Carlos came home with great news. He’d gone to visit Tía Emperatriz to ask if she could make Mago her flag-bearer uniform. “She said to come pick it up next week.”

“Thanks be to God,” Abuelita Chinta said, crossing herself.
Maybe Mago doesn’t have to work, after all
, I thought. But then I looked at Betty, who looked like a mummy with her face all bandaged up, and I remembered there was another reason Mago had looked for a job.

At dusk, Abuelita Chinta sent us to the train station to wait for Mago. “It will soon be dark, and it is not safe for your sister to walk home by herself,” she said.

Carlos and I put on our sandals and left. We had a competition to see who could balance on the rail the longest. Soon, we heard the rumbling of the approaching evening train, and we turned to see it snaking its way through the hills, shaking the leaves of the guamúchil trees along the tracks. The conductor blew the whistle as Carlos and I scrambled out of the way. We rushed down to the dirt path and ran alongside the train.

When we got to the station, most of the passengers had gotten off the train, and the few that were continuing on to Cuernavaca or Mexico City were boarding. We sat on a bench and watched Mago go from passenger car to passenger car carrying a tray of hot chicken
quesadillas, offering them to the people who were sitting in their seats, waiting for the train to depart. The whistle blew, the conductor yelled, “¡Váaaaamonooooos!” but Mago was still inside the train. Last-minute passengers hurried to get on. “Come out, come out,” I said under my breath. The train started to move, and Mago was nowhere in sight.

Iguala’s train station

I stood up and rushed over to the train. “What are you doing?” Carlos said as he ran after me. The train slowly began to pull out of the station.

It would be so easy,
I thought,
for Mago to stay on the train. She could decide to leave this place and not come back. She could finally say that enough was enough, that she was tired of being our little mother.
My breath caught in my throat, and I found myself rushing to the moving train, walking alongside of it, searching desperately for my sister. “Mago! Mago!” I yelled, tears already streaming down my face. Then finally, Mago appeared on the landing of the last passenger car with an empty tray and jumped off just before the train sped up.

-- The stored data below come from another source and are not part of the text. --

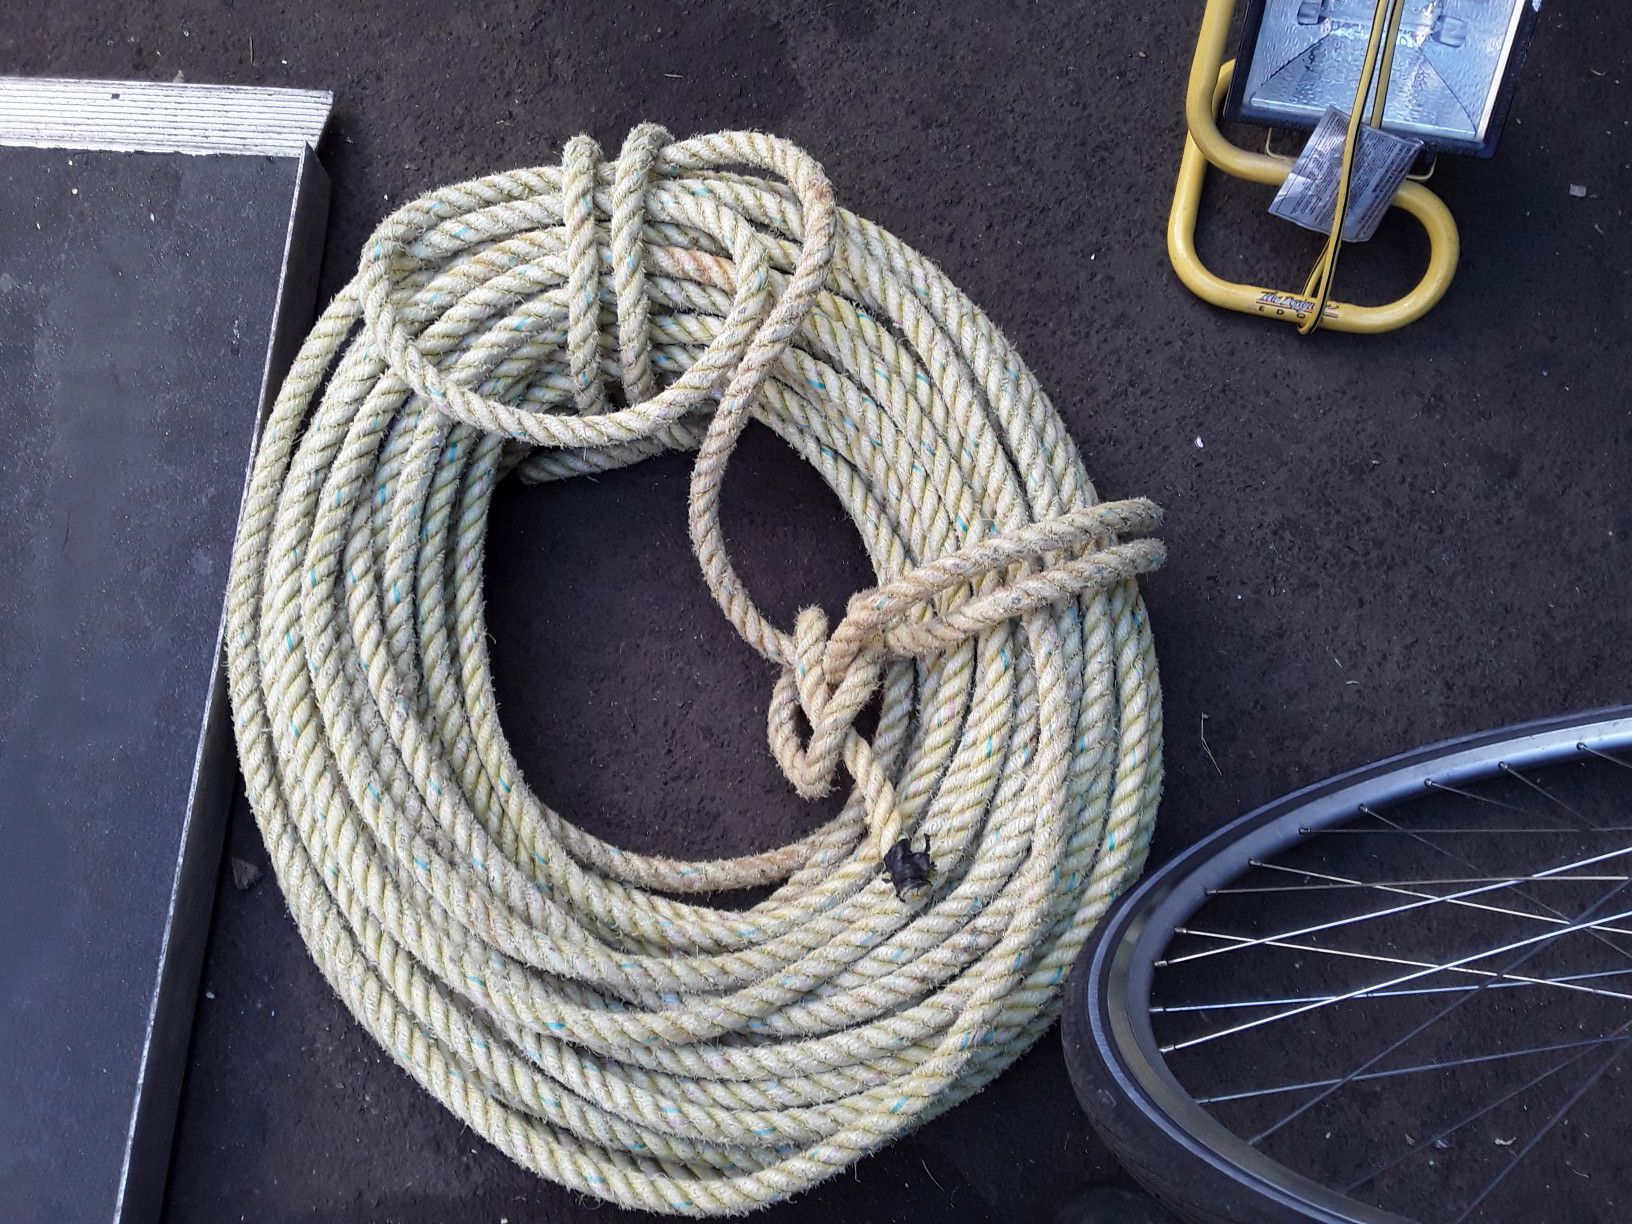 100 feet of heavy rope never used
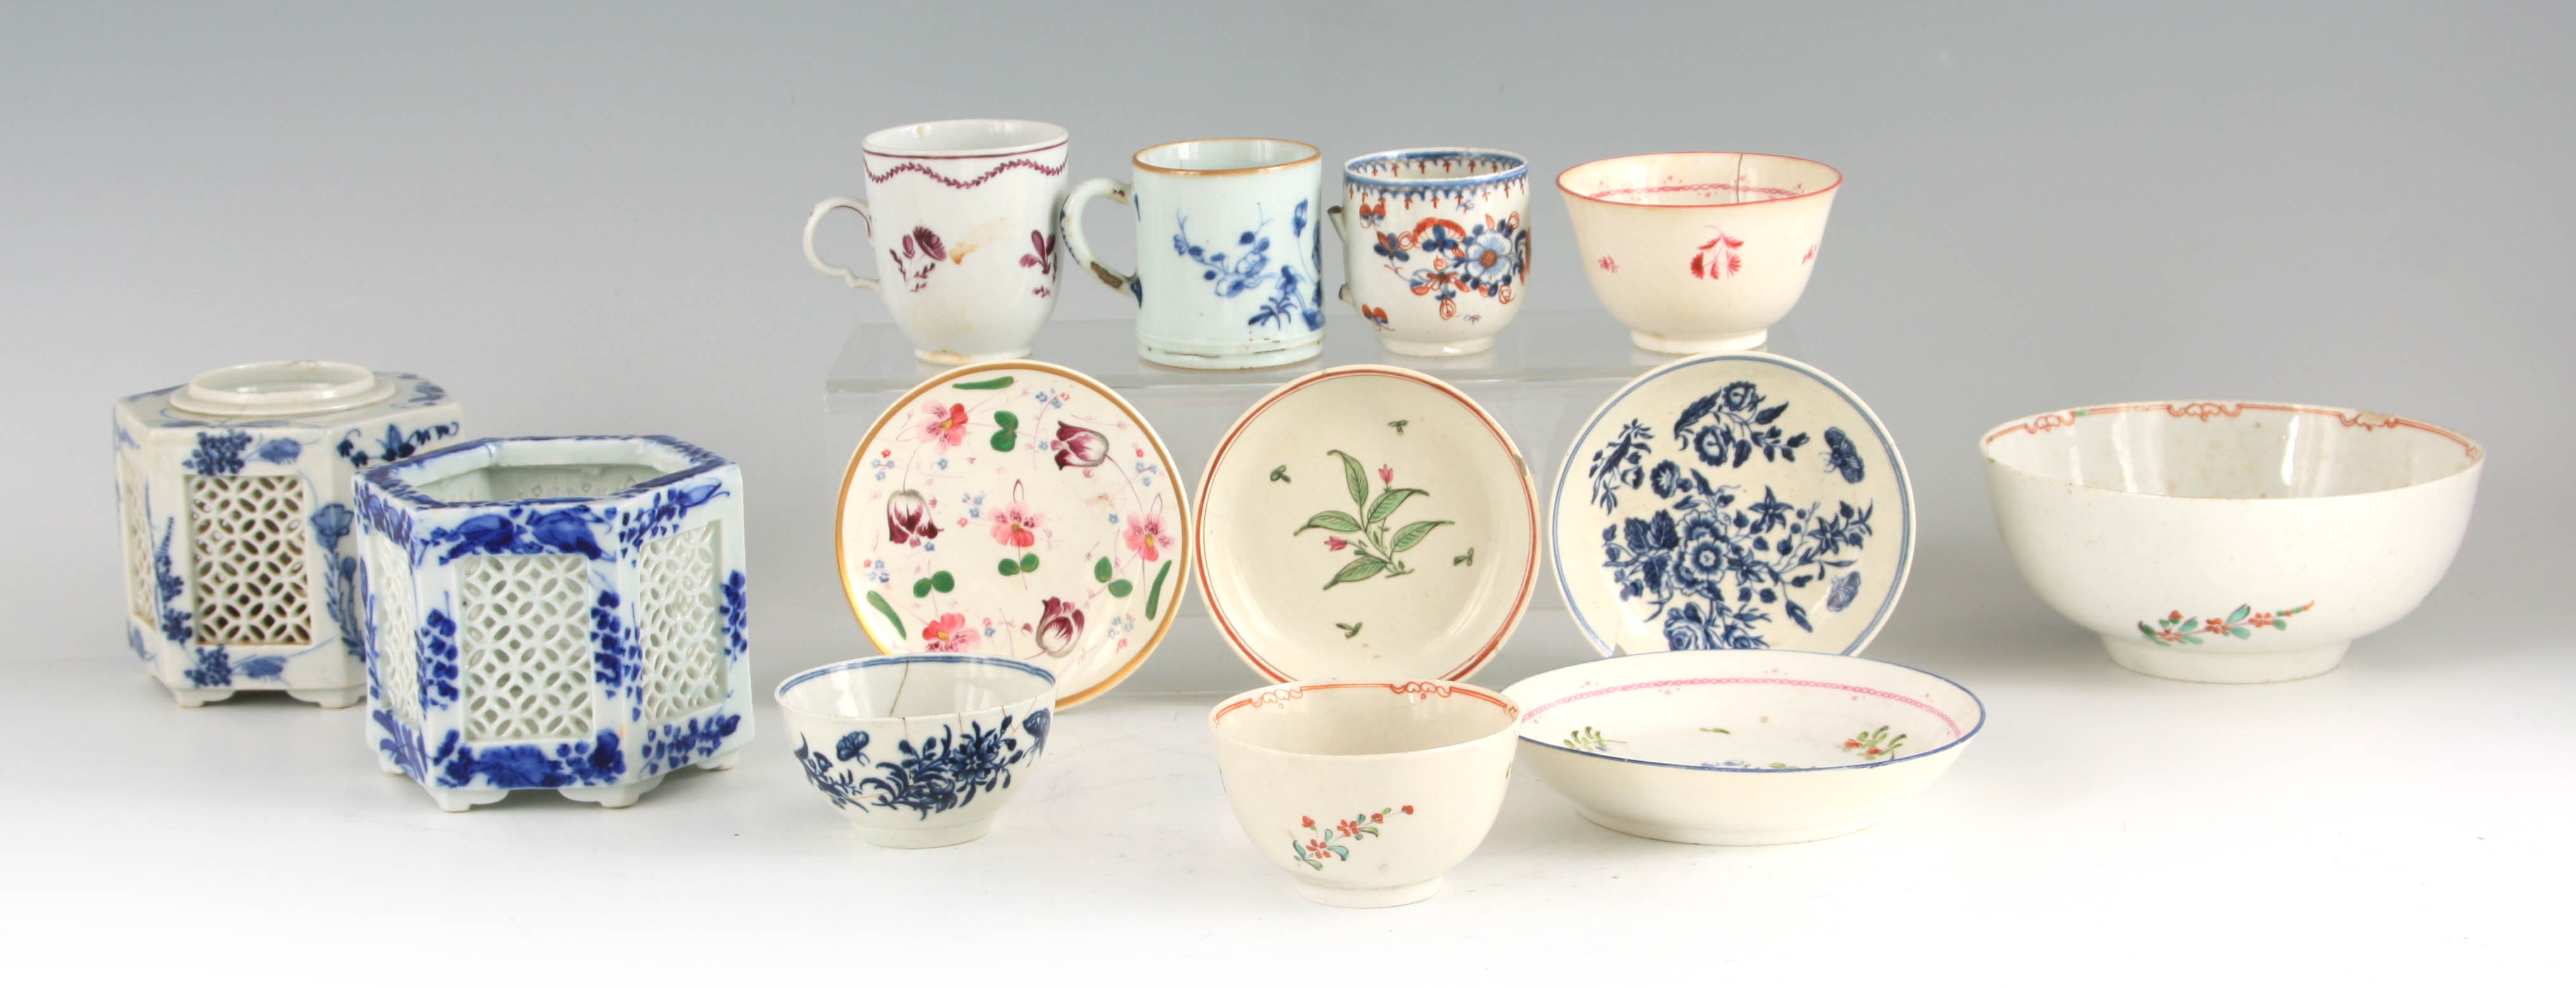 A SELECTION OF 18TH CENTURY ENGLISH AND ORIENTAL PORCELAIN including a Liverpool Bowl 15cm
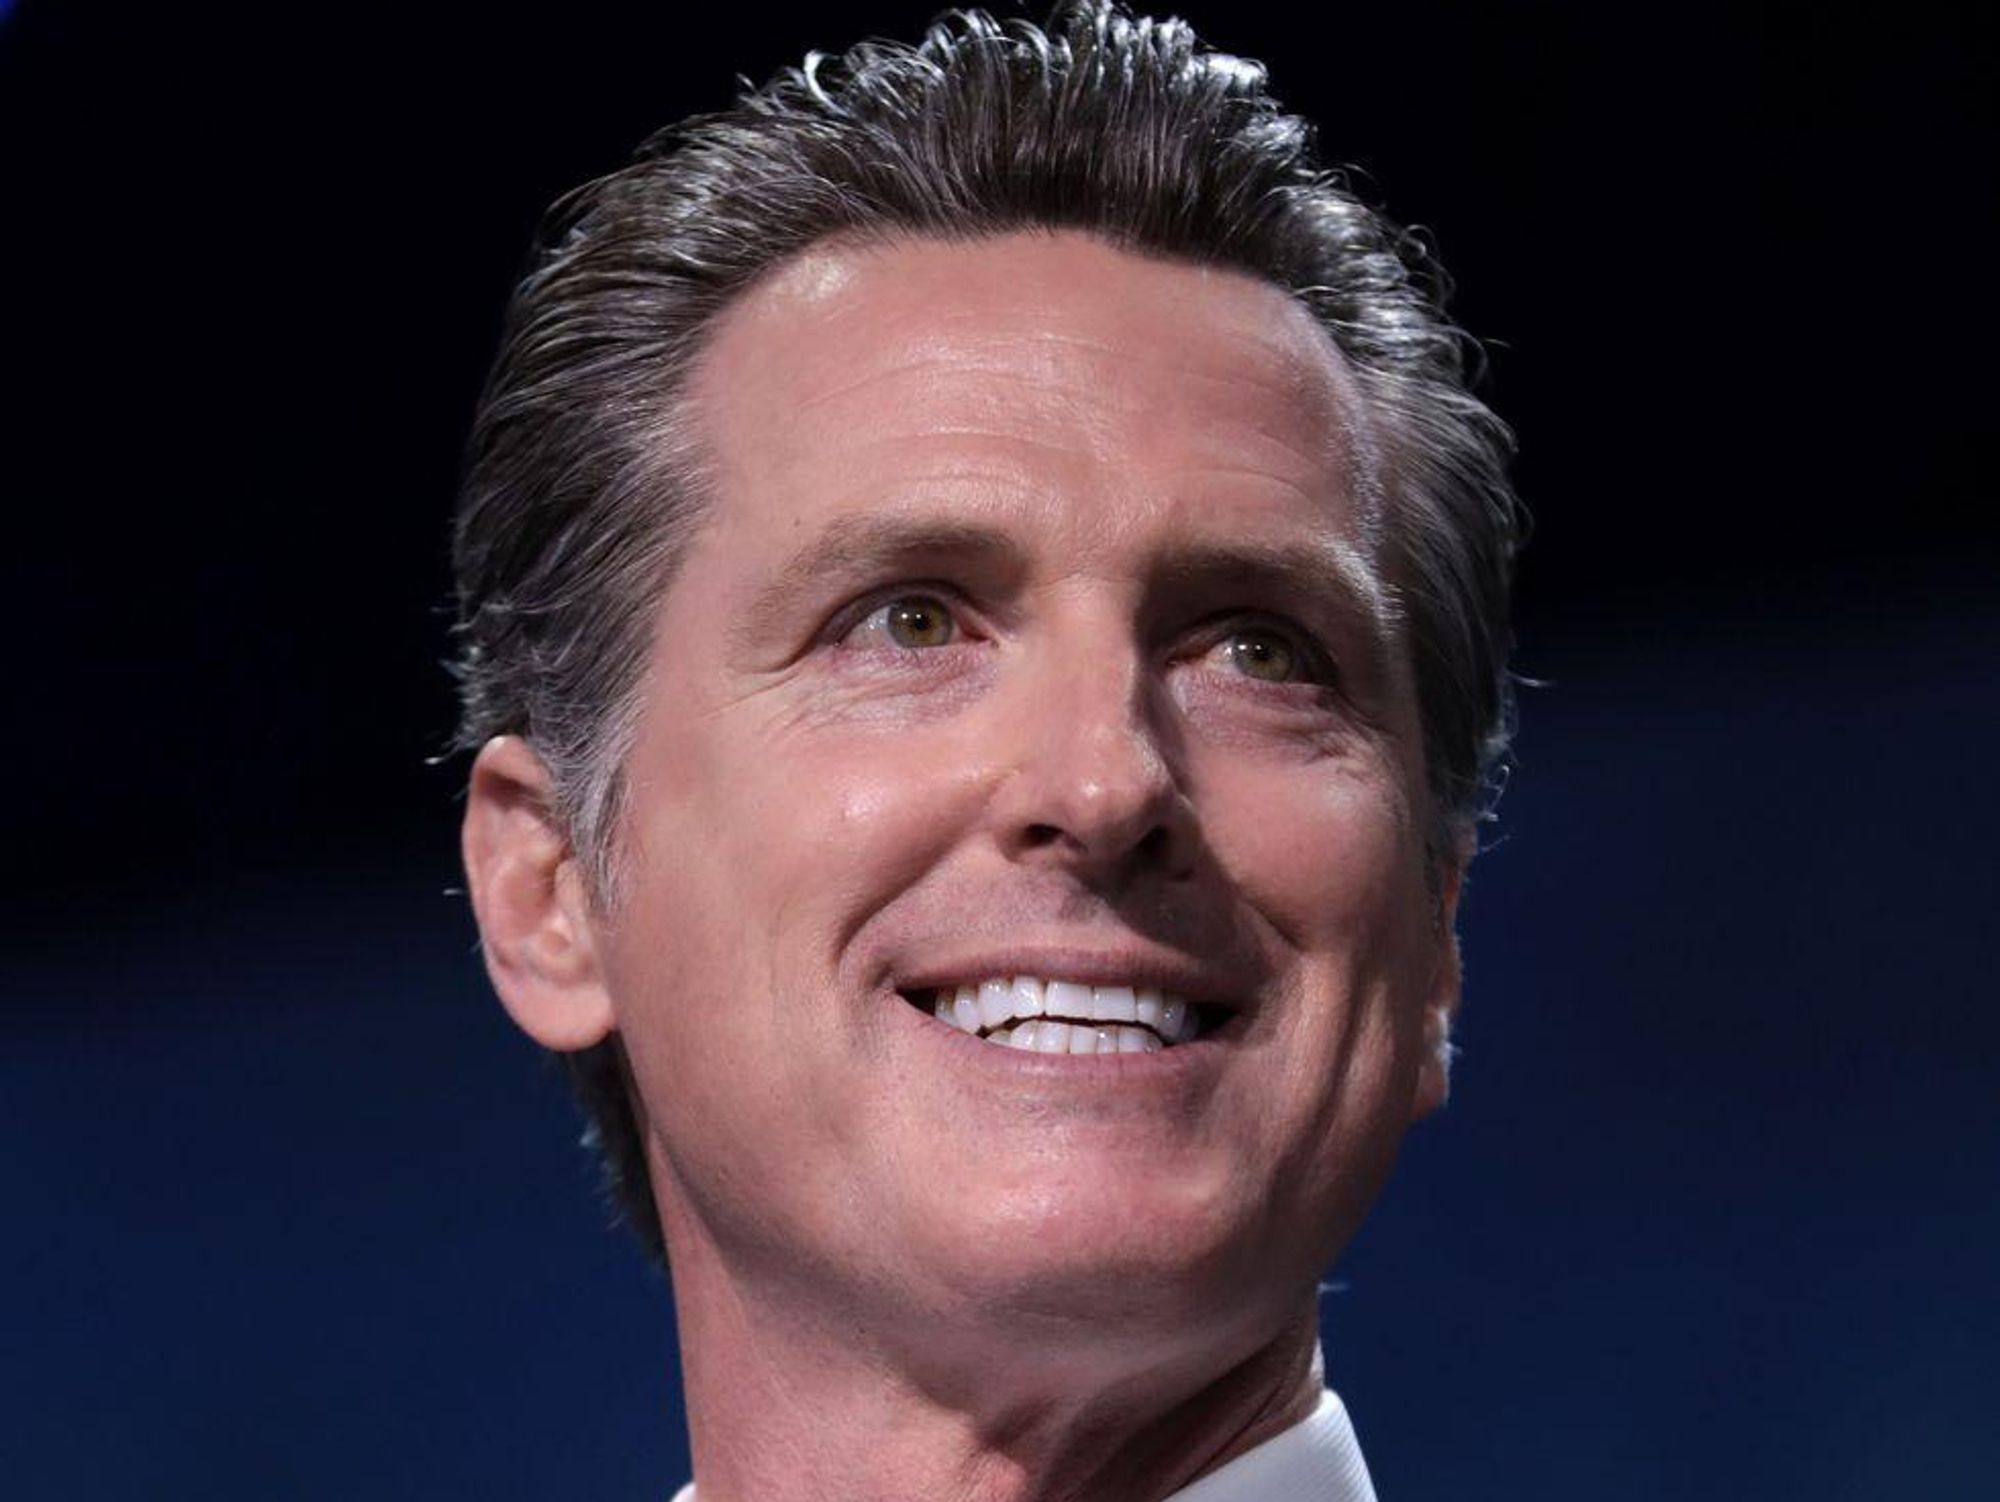 Gavin Newsom Beat the Recall. Here's What That Means for Big Tech
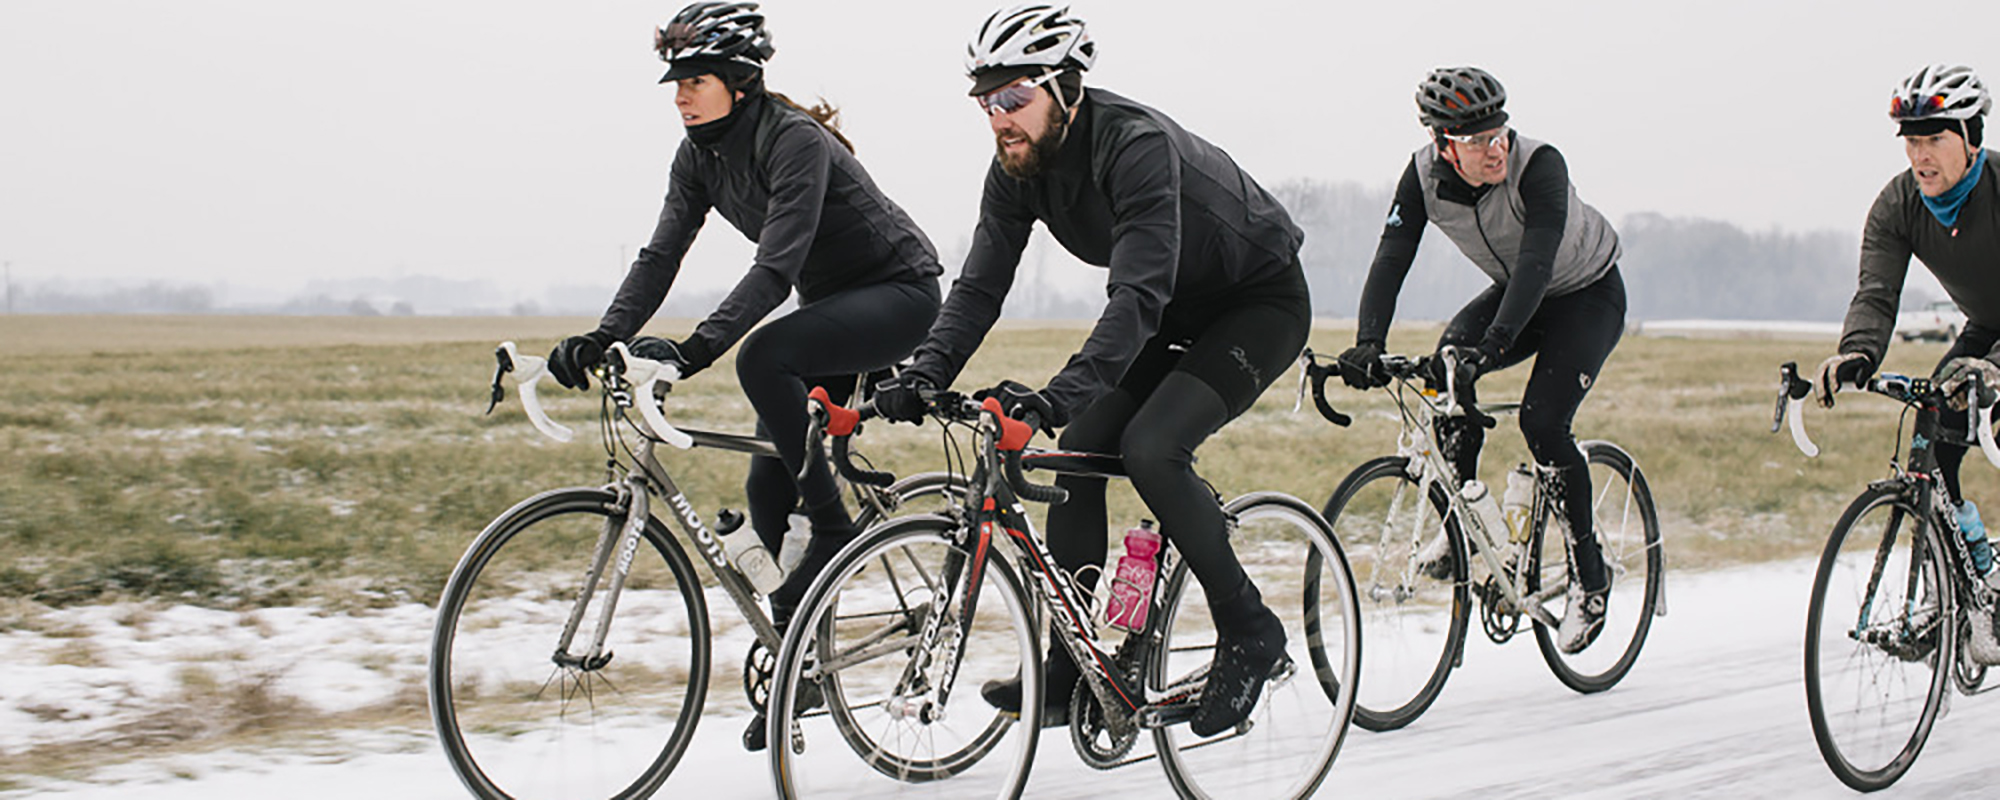 Stay warm on the road with our winter cycling kit

“I thought you were leaving me,” I told her reproachfully. She laughed and ruffled my hair.

“Never,” she said. We stood by the train as it rushed past us in a blur.

16

Abuelita Chinta

M
AMI’S SISTER, TÍA
Güera, would usually come over during the week to visit Abuelita Chinta. She and my grandmother would take two plastic chairs and sit outside the shack. I dreaded my aunt’s visits. She would call me over to delouse my hair. It was excruciating getting deloused by her. She seemed to get too much pleasure out of hunting for the little suckers, and she would pull out whole strands of hair along with the lice. At this rate, I would tell myself, I’m going to go bald!

It was also excruciating to have to listen to her talk. My aunt would do her usual complaints: “Ay, Amá, I don’t have any money to buy
food and my husband drinks his wages away.” Or “Ay, Amá, there’s a sharp pain in my stomach that won’t go away, and I think someone is doing witchcraft on me.” Or “Ay, Amá, why is my husband such a drunk? Maybe you can make him a remedy so that he can stop.” Or, “Ay, Amá, how hard life is. Why does my husband stay out all night long, saying he’s working, but then comes home smelling of some other woman’s perfume?”

“Let me make you a tea of flor de azahar,” Abuelita Chinta would say to Tía Güera once she was done listening to my aunt’s complaints. “It’s good for the nerves.” I wanted to ask Abuelita Chinta if she had anything for my poor scalp, which by then would be throbbing with pain.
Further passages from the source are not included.